Fangtong Passed CP Bio’s On-Site Supplier Quality Audit

On November 5, 2025, a delegation of experts from CP Bio visited Fangtong for a two-day on-site supplier quality audit. The assessment, conducted in accordance with Veterinary Drug GMP standards and relevant regulatory requirements, aimed to verify the compliance and effectiveness of Fangtong’s quality management system, ensuring continuity and stability in product supply to meet CP Bio’s production and quality needs. Fangtong General Manager Mr. Tang Jianhua, together with heads of relevant departments, warmly received the visiting team and engaged in in-depth discussions and exchanges.

As a wholly owned subsidiary of the Charoen Pokphand Group, CP Bio is a global biotechnology enterprise deeply engaged in the fields of animal health, human health, and environmental health. The company has achieved significant results in animal pharmaceuticals, feed additives, pet products, APIs, dietary supplements, food additives, and environmental protection products. With a full-industry-chain mindset, CP Bio adheres to its core brand strategy of “comprehensive and effective,” building differentiated competitive advantages. Through proven large-scale solutions and practical, results-oriented products, the company continues to meet the public’s expectations for healthier lives while enhancing communication efficiency and value interaction with customers and markets.
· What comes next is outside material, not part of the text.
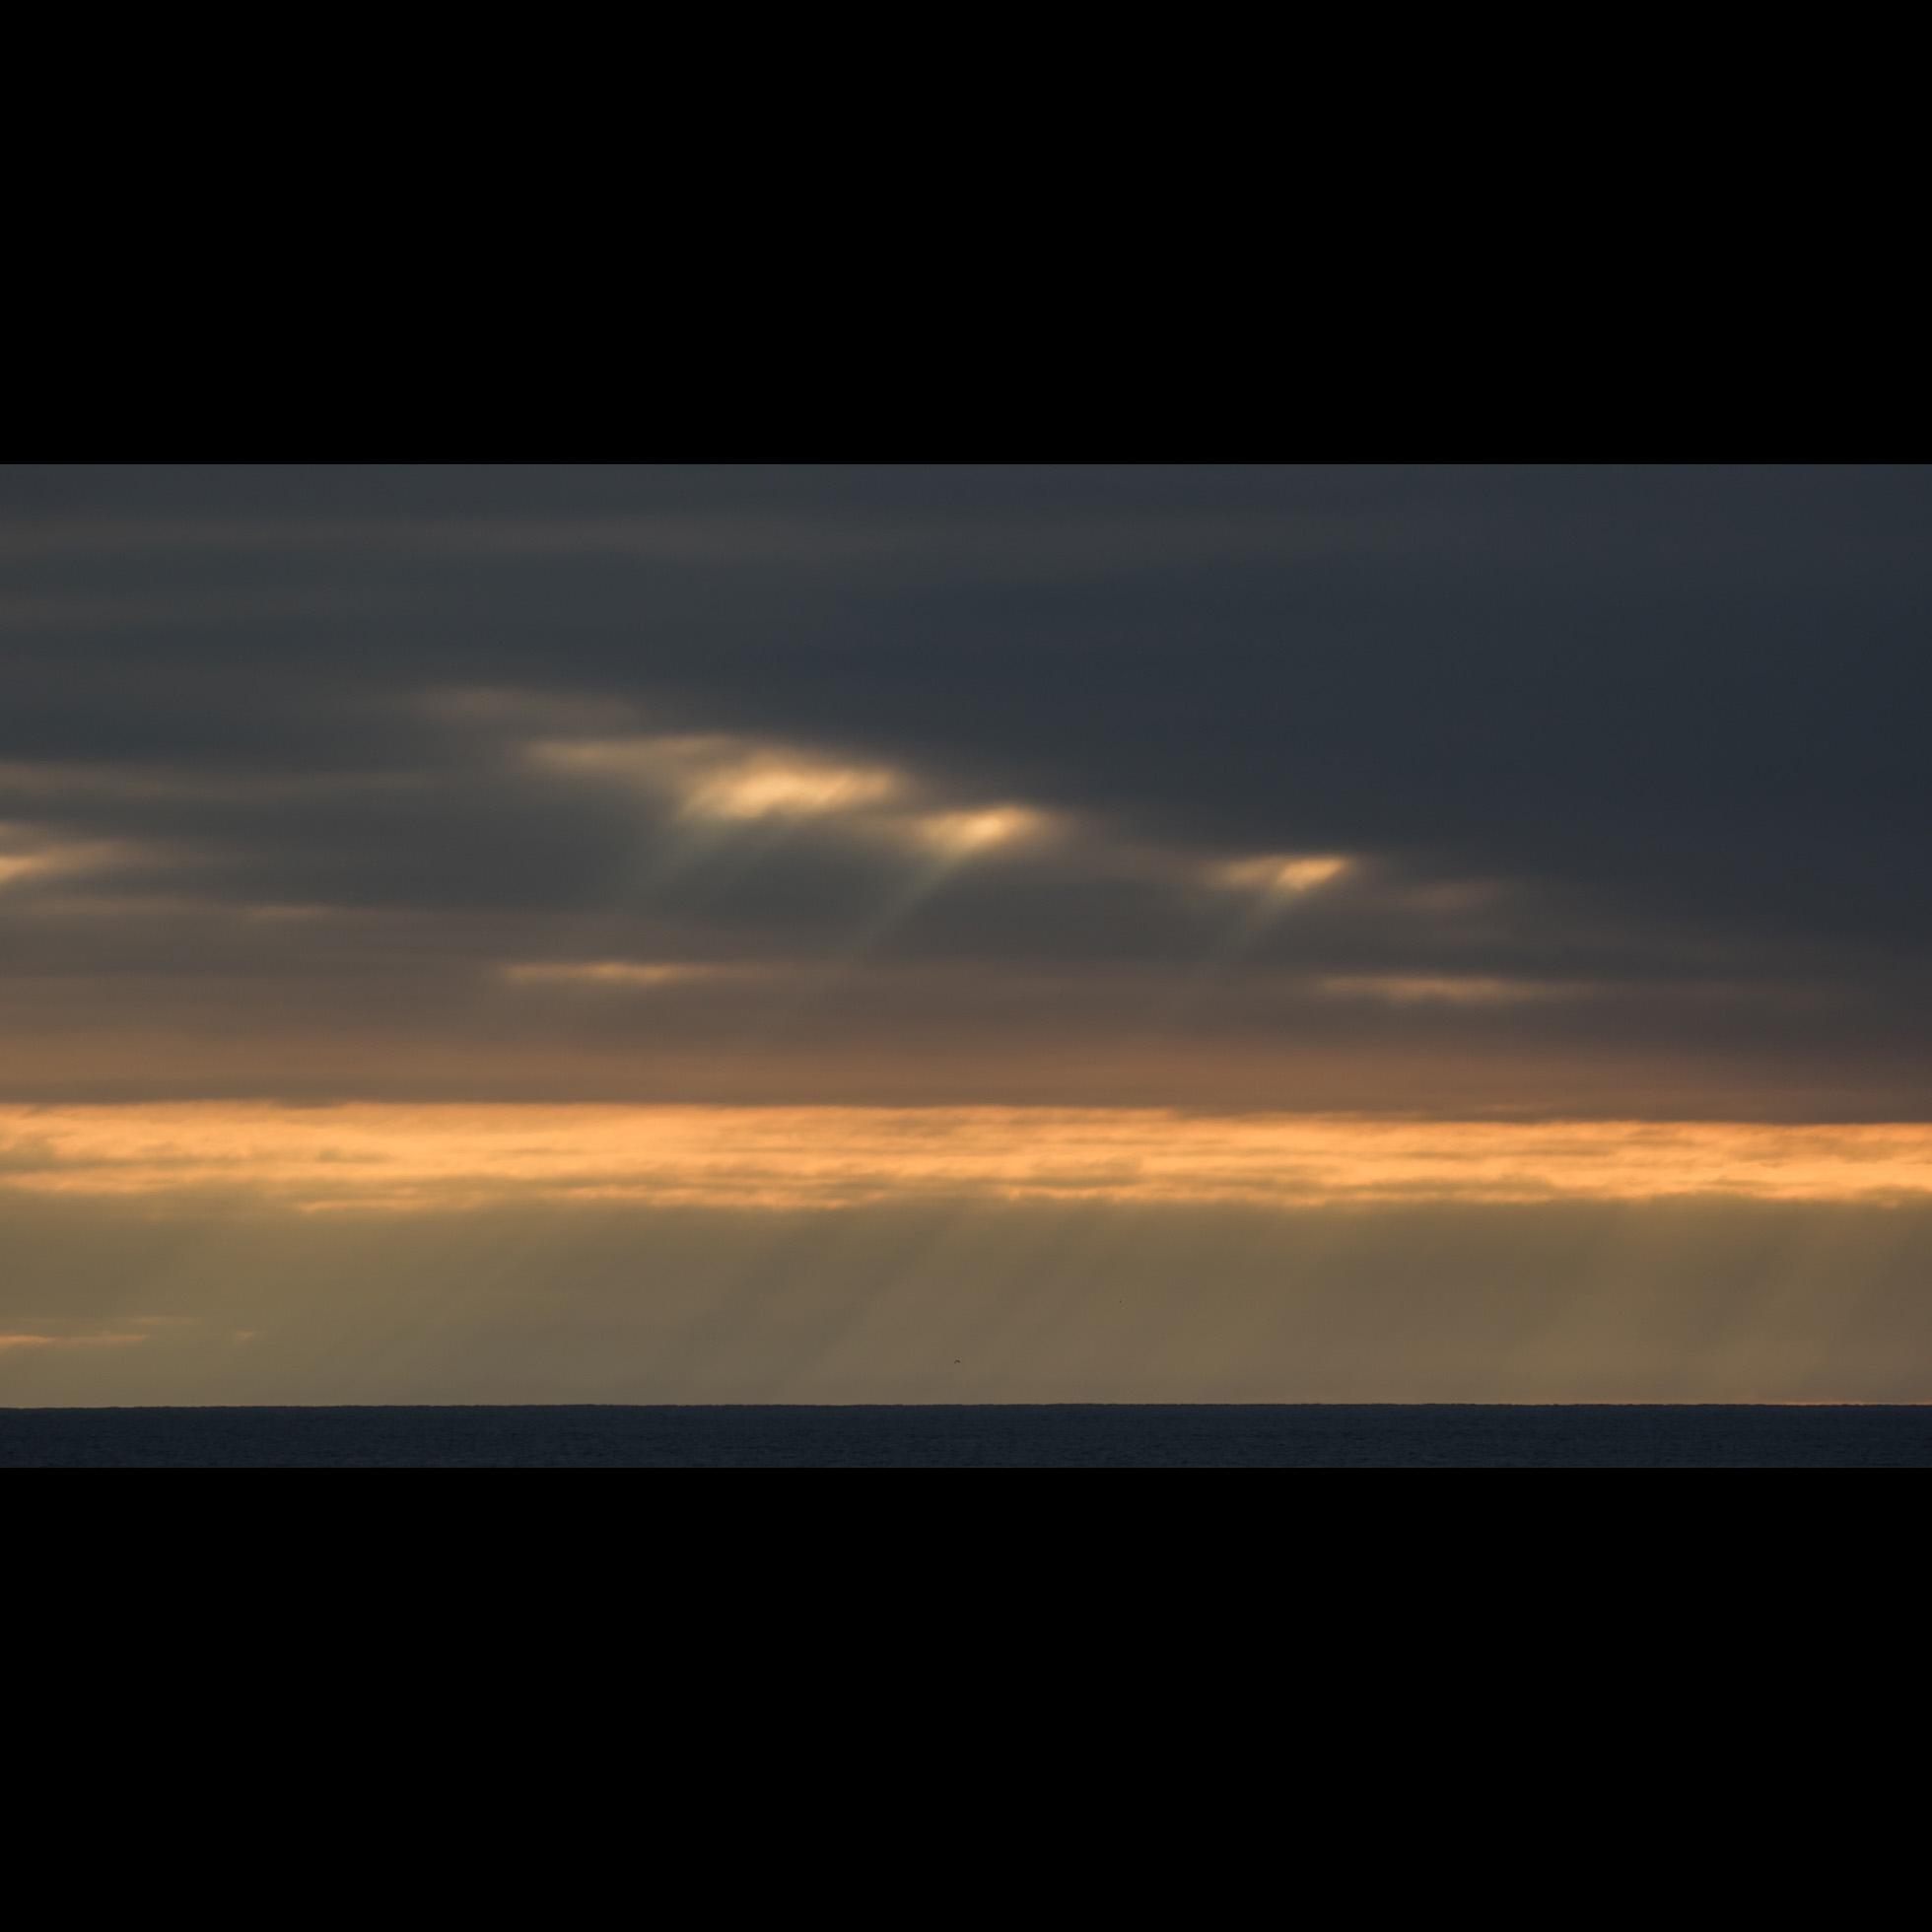 1.19 SOUTH BEACH LIGHT

During the meeting, Fangtong’s Quality Director, Ms. He Yan, provided a comprehensive briefing on the operation of Fangtong’s production and quality management system, GMP compliance, performance results, and ongoing improvement initiatives. CP Bio’s representatives then outlined the background, objectives, work plan, specific requirements, and audit schedule of this assessment, laying a solid foundation for the efficient and orderly execution of the subsequent audit activities.
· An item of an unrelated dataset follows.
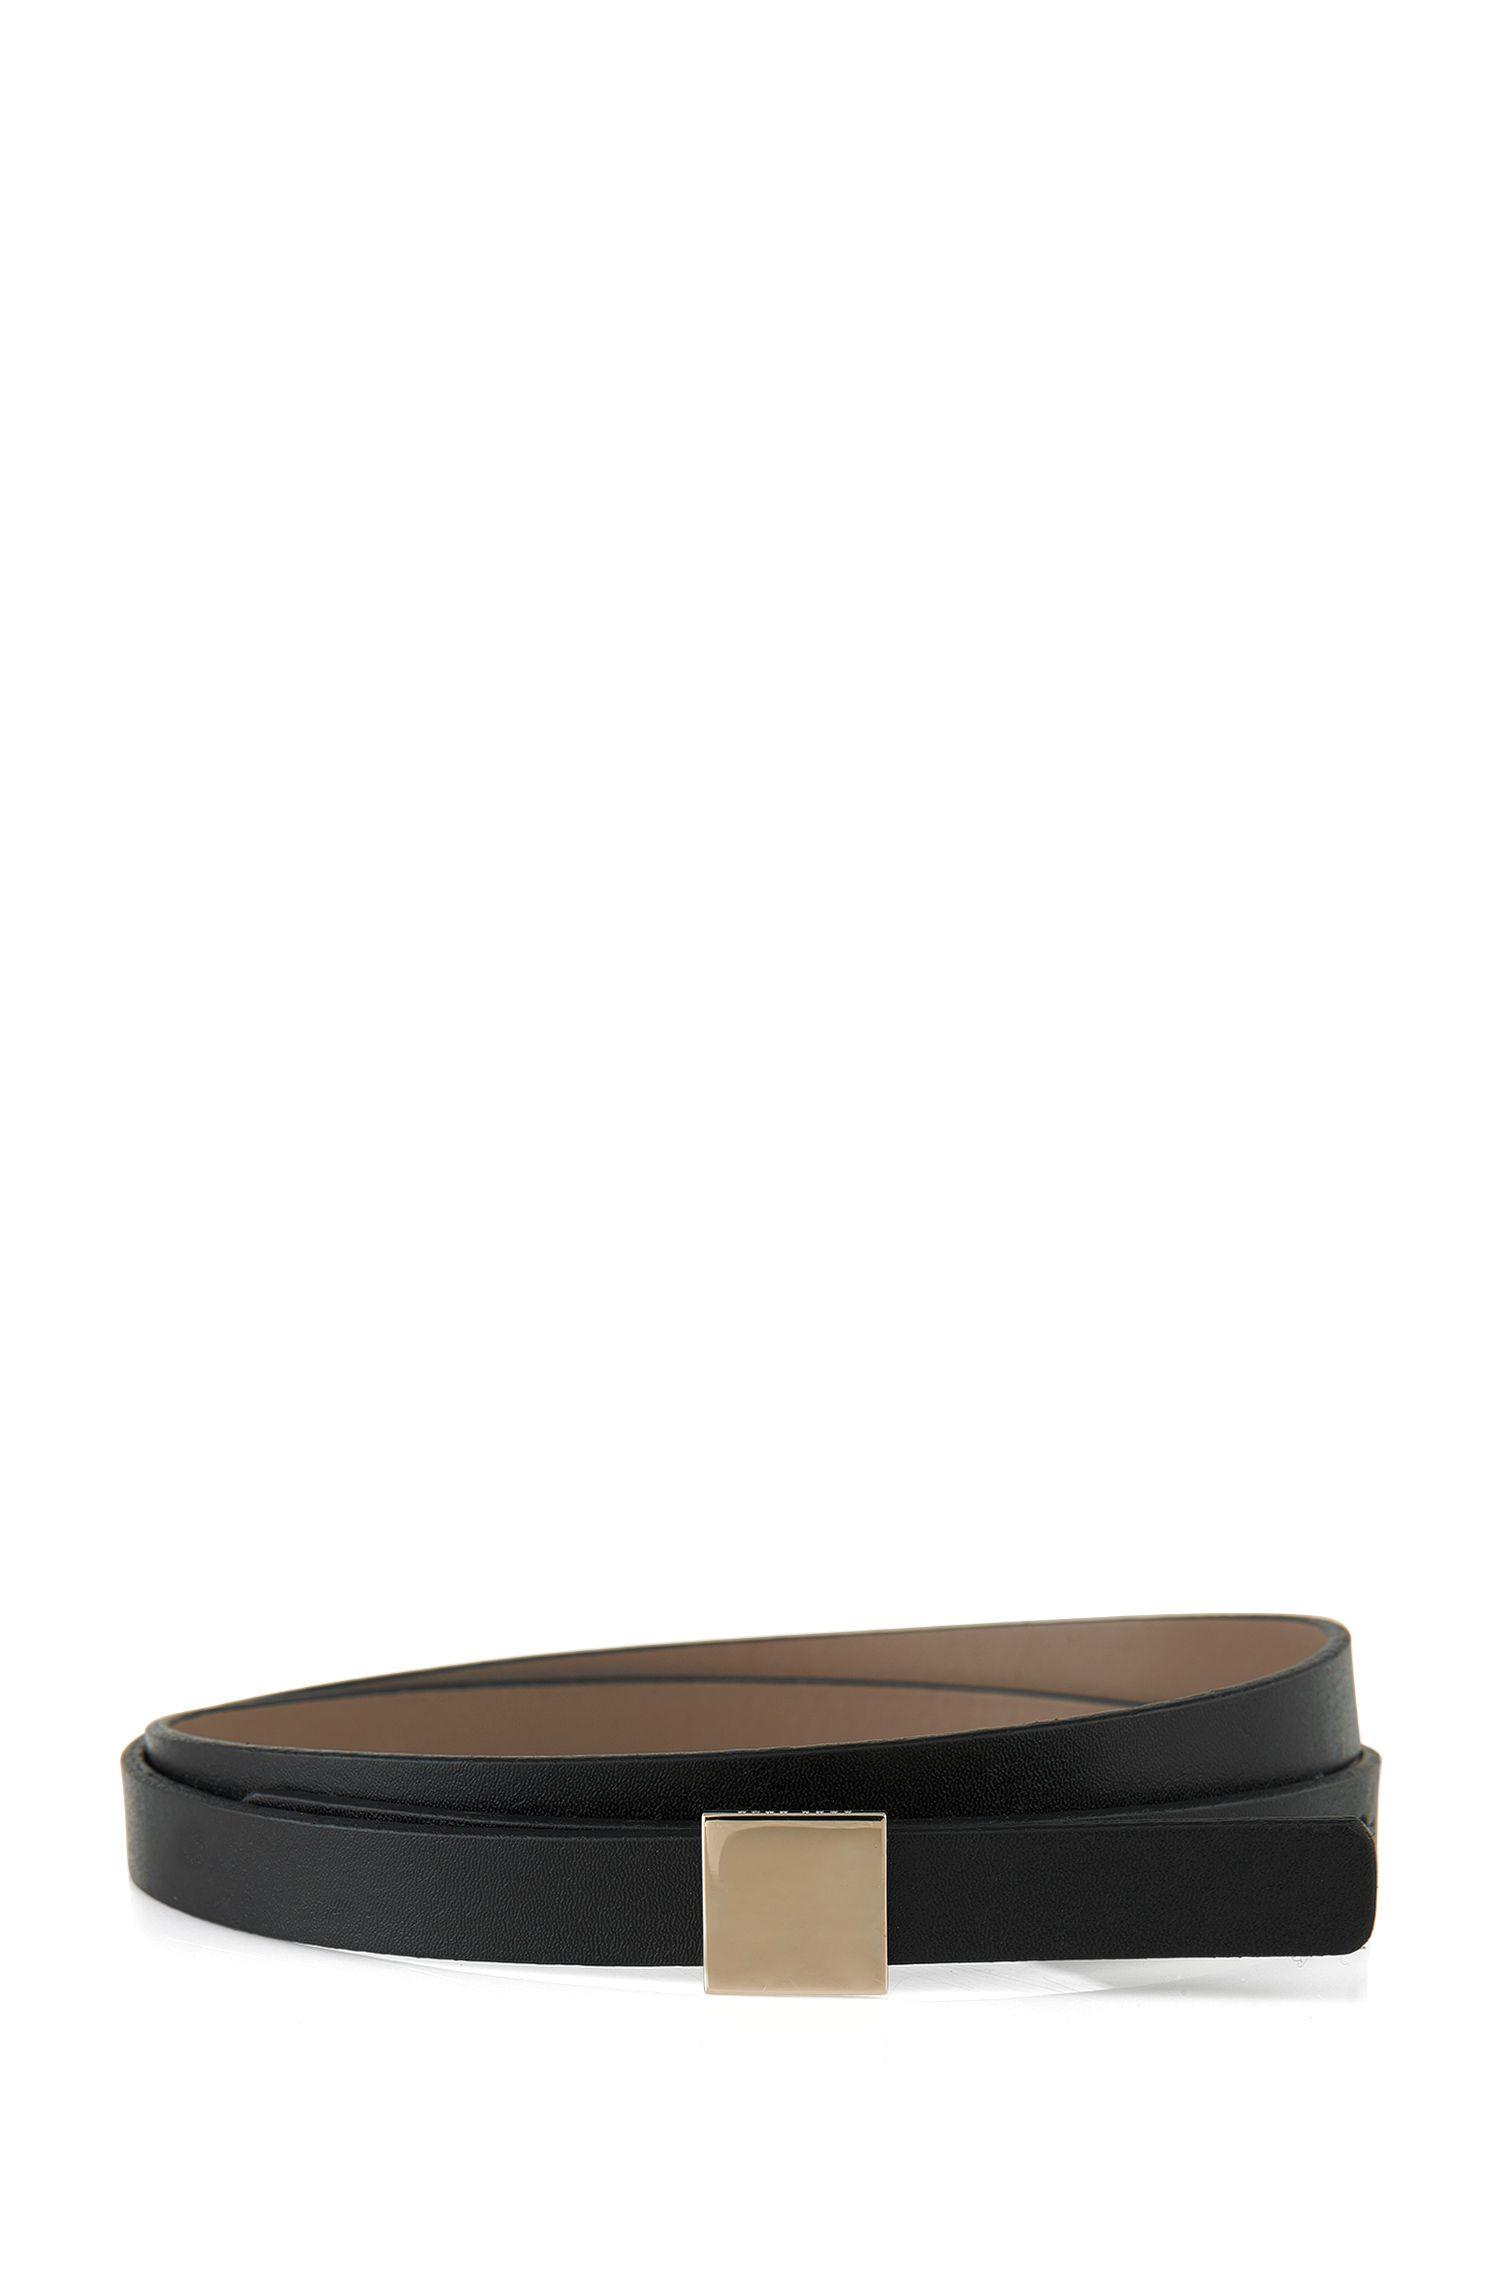 'Bliss' | Leather Reversible Plaque Skinny Belt

Following the discussions, Fangtong staff accompanied the CP Bio expert group on a site tour of the manufacturing facilities, where they examined the overall operation of equipment and infrastructure. The delegation focused particularly on key areas including production equipment, process workflows, raw and auxiliary material warehouses, and finished-product storage. They also reviewed inspection records for raw materials and finished products, laboratory data comparisons, implementation of biosafety measures, and supplier qualification documents, paying close attention to the robustness of Fangtong’s quality management system and production standards.
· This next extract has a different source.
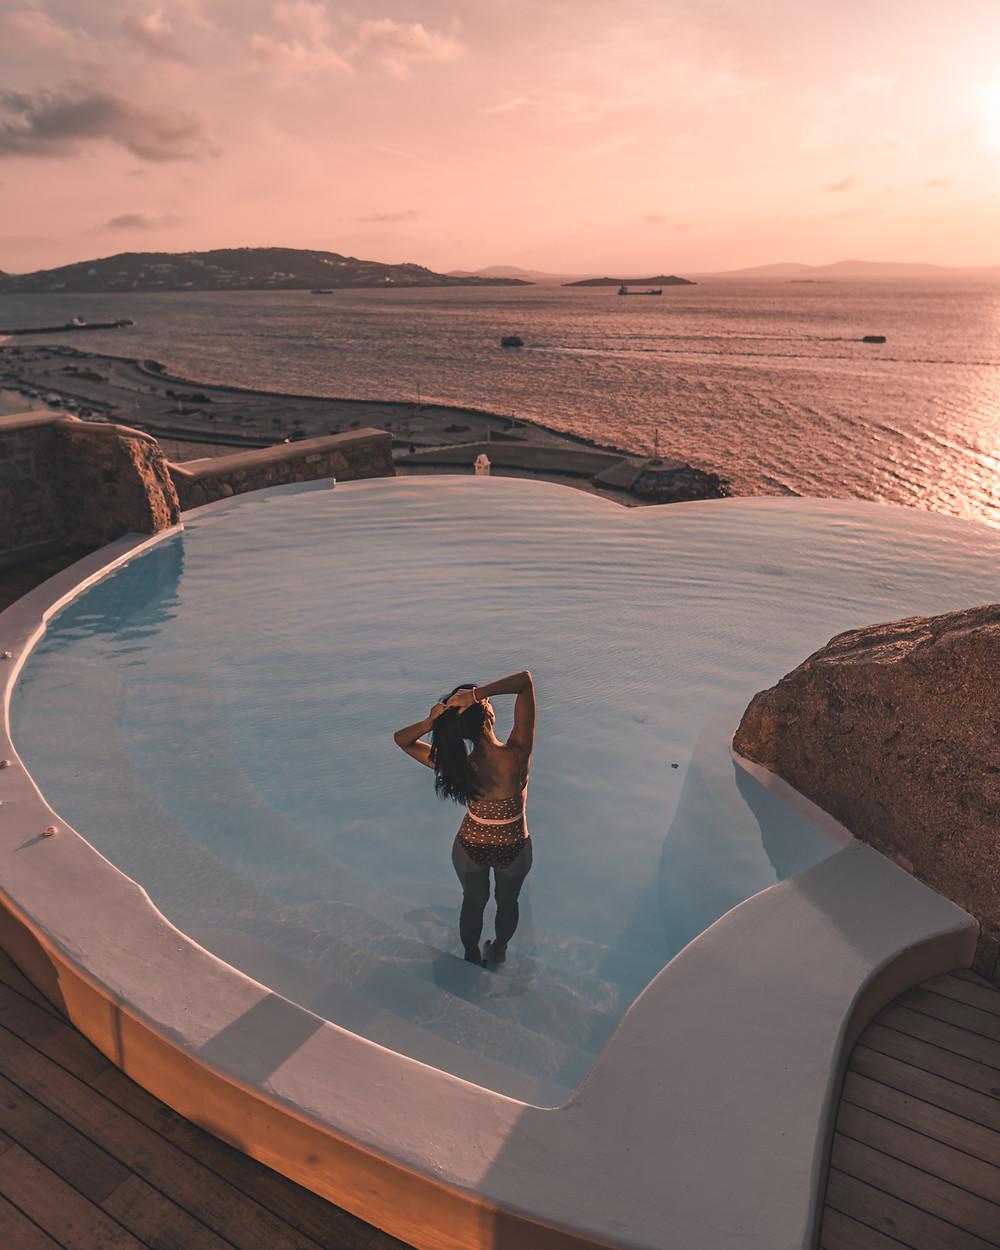 Cavo Tagoo, Mykonos, Greece

Fangtong and CP Bio have long maintained a close, stable, and mutually trusting partnership. Upholding the corporate philosophy of “Creating masterpiece, Innovation leads to glory,” Fangtong remains committed to quality first and innovation-driven development. The company strictly adheres to GMP standards throughout the entire production process to ensure product reliability and professional, efficient service. Looking ahead, Fangtong will continue to stay true to its mission, advance with determination, strengthen its R&D, manufacturing, and integrated service capabilities, and strive to provide partners and customers with high-quality, safe, and effective health products.